I am trying to write a program that calls upon an [external library (?)] (I'm not sure that I'm using the right terminology here) that I am also writing to clean up a provided string. For example, if my main.c program were to be provided with a string such as:
asdfFAweWFwseFL Wefawf JAWEFfja FAWSEF
it would call upon a function in externalLibrary.c (lets call it externalLibrary_Clean for now) that would take in the string, and return all characters in upper case without spaces:
ASDFFAWEWFWSEFLWEFAWFJAWEFFJAFAWSEF
The crazy part is that I have this working... so long as my string doesn't exceed 26 characters in length. As soon as I add a 27th character, I end up with an error that says
malloc(): corrupted top size.
Here is externalLibrary.c:
#include "externalLibrary.h"
#include <ctype.h>
#include <malloc.h>
#include <assert.h>
#include <string.h>
char * restrict externalLibrary_Clean(const char* restrict input) {
// first we define the return value as a pointer and initialize
// an integer to count the length of the string
char * returnVal = malloc(sizeof(input));
char * initialReturnVal = returnVal; //point to the start location
// until we hit the end of the string, we use this while loop to
// iterate through it
while (*input != '\0') {
if (isalpha(*input)) { // if we encounter an alphabet character (a-z/A-Z)
// then we convert it to an uppercase value and point our return value at it
*returnVal = toupper(*input);
returnVal++; //we use this to move our return value to the next location in memory
}
input++; // we move to the next memory location on the provided character pointer
}
*returnVal = '\0'; //once we have exhausted the input character pointer, we terminate our return value
return initialReturnVal;
}
int * restrict externalLibrary_getFrequencies(char * ar, int length){
static int freq[26];
for (int i = 0; i < length; i++){
freq[(ar[i]-65)]++;
}
return freq;
}
the header file for it (externalLibrary.h):
#ifndef LEARNINGC_EXTERNALLIBRARY_H
#define LEARNINGC_EXTERNALLIBRARY_H
#ifdef __cplusplus
extern "C" {
#endif
char * restrict externalLibrary_Clean(const char* restrict input);
int * restrict externalLibrary_getFrequencies(char * ar, int length);
#ifdef __cplusplus
}
#endif
#endif //LEARNINGC_EXTERNALLIBRARY_H
my main.c file from where all the action is happening:
#include <stdio.h>
#include "externalLibrary.h"
int main() {
char * unfilteredString = "ASDFOIWEGOASDGLKASJGISUAAAA";//if this exceeds 26 characters, the program breaks
char * cleanString = externalLibrary_Clean(unfilteredString);
//int * charDist = externalLibrary_getFrequencies(cleanString, 25); //this works just fine... for now
printf("\nOutput: %s\n", unfilteredString);
printf("\nCleaned Output: %s\n", cleanString);
/*for(int i = 0; i < 26; i++){
if(charDist[i] == 0){
}
else {
printf("%c: %d \n", (i + 65), charDist[i]);
}
}*/
return 0;
}
I'm extremely well versed in Java programming and I'm trying to translate my knowledge over to C as I wish to learn how my computer works in more detail (and have finer control over things such as memory).
If I were solving this problem in Java, it would be as simple as creating two class files: one called main.java and one called externalLibrary.java, where I would have static String Clean(string input) and then call upon it in main.java with String cleanString = externalLibrary.Clean(unfilteredString).
Clearly this isn't how C works, but I want to learn how (and why my code is crashing with corrupted top size)

The bug is this line:
char * returnVal = malloc(sizeof(input));
The reason it is a bug is that it requests an allocation large enough space to store a pointer, meaning 8 bytes in a 64-bit program.

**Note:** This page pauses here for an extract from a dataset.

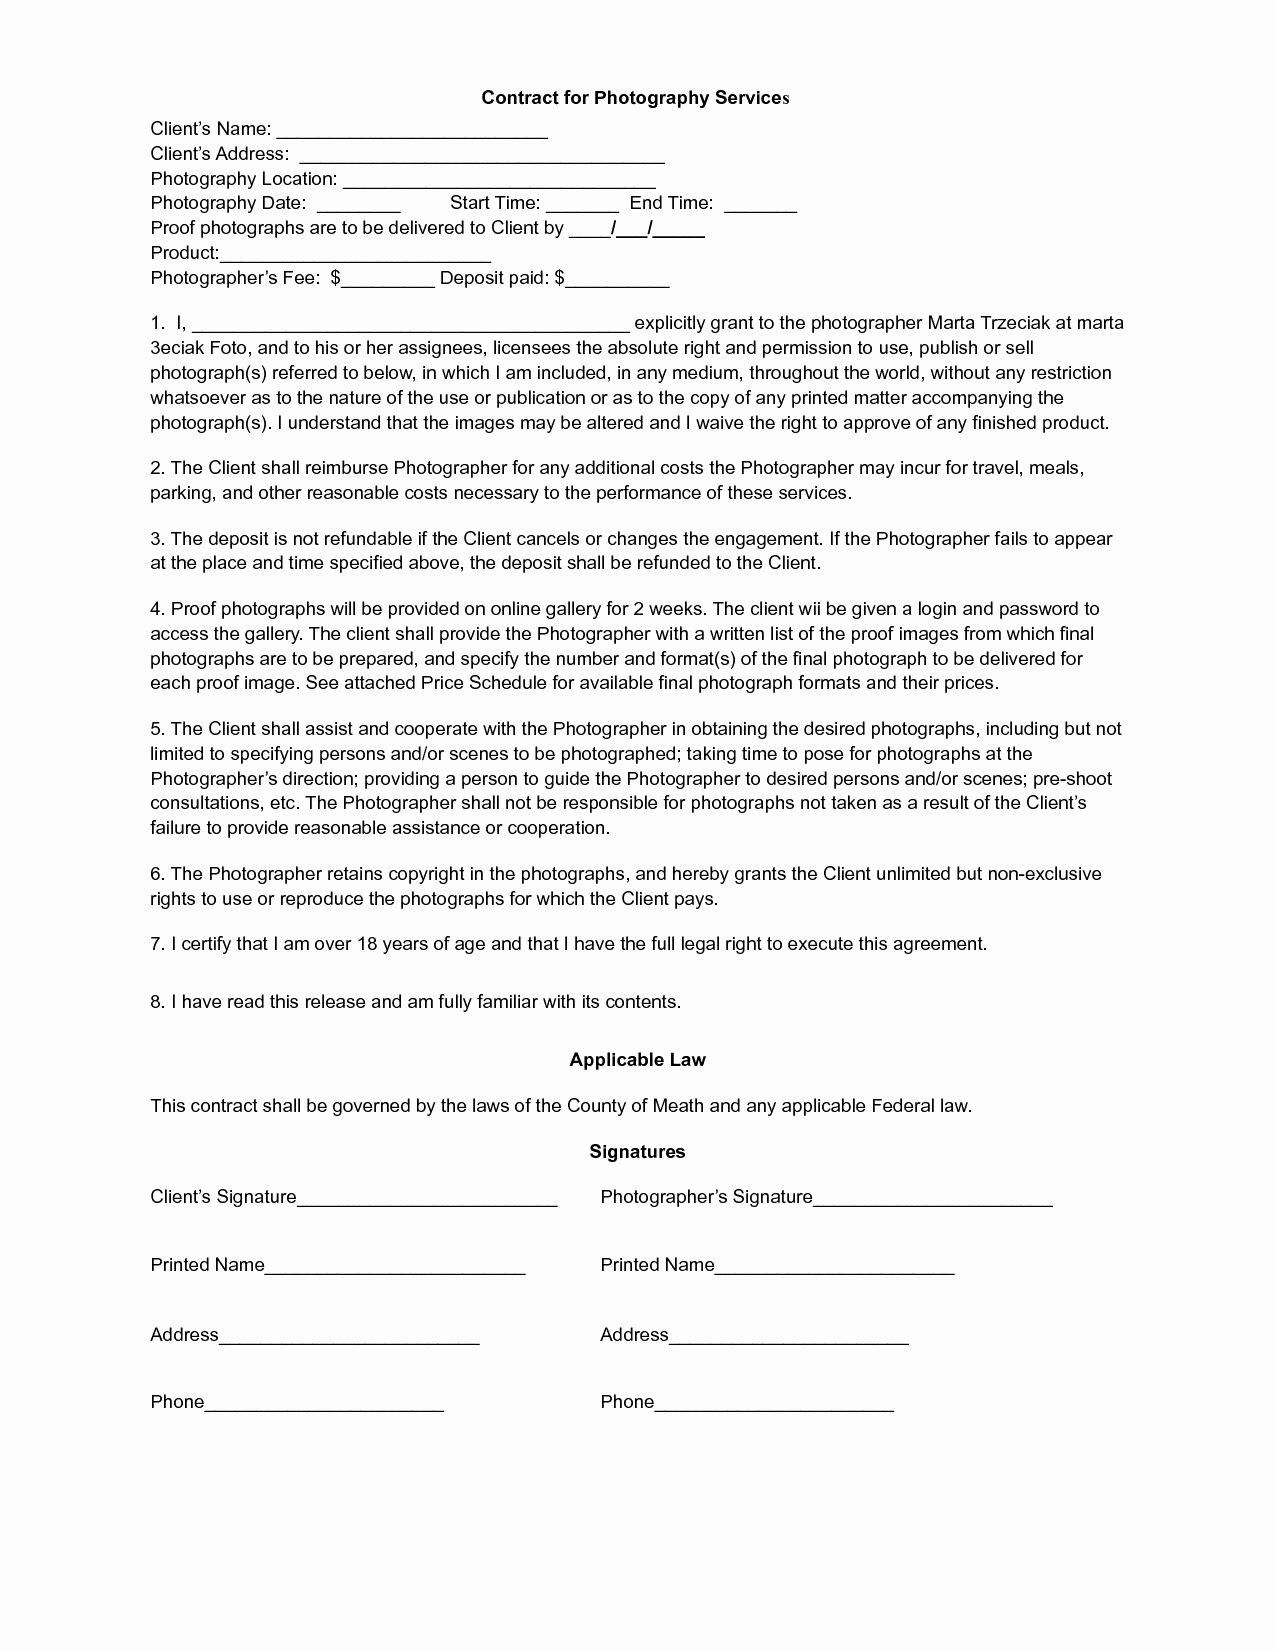 Free Hipaa Business Associate Agreement Form – Guiaubuntupt Pertaining To Free Hipaa Business Associate Agreement Template 2018

What you want to do is to allocate enough space to store the modified string, which you can do with the following line:
char *returnVal = malloc(strlen(input) + 1);
So the other part of your question is why the program doesn't crash when your string is less than 26 characters. The reason is that malloc is allowed to give the caller slightly more than the caller requested.
In your case, the message "malloc(): corrupted top size" suggests that you are using libc malloc, which is the default on Linux. That variant of malloc, in a 64-bit process, would always give you at least 0x18 (24) bytes (minimum chunk size 0x20 - 8 bytes for the size/status). In the specific case that the allocation immediately precedes the "top" allocation, writing past the end of the allocation will clobber the "top" size.
If your string is larger than 23 (0x17) you will start to clobber the size/status of the subsequent allocation because you also need 1 byte to store the trailing NULL. However, any string 23 characters or shorter will not cause a problem.
As to why you didn't get an error with a string with 26 characters, to answer that one would have to see that exact program with the string of 26 characters that does not crash to give a more precise answer. For example, if the program provided a 26-character input that contained 3 blanks, this would would require only 26 + 1 - 3 = 24 bytes in the allocation, which would fit.
If you are not interested in that level of detail, fixing the malloc call to request the proper amount will fix your crash.

Related

How to use memcpy in function that is passed a char pointer?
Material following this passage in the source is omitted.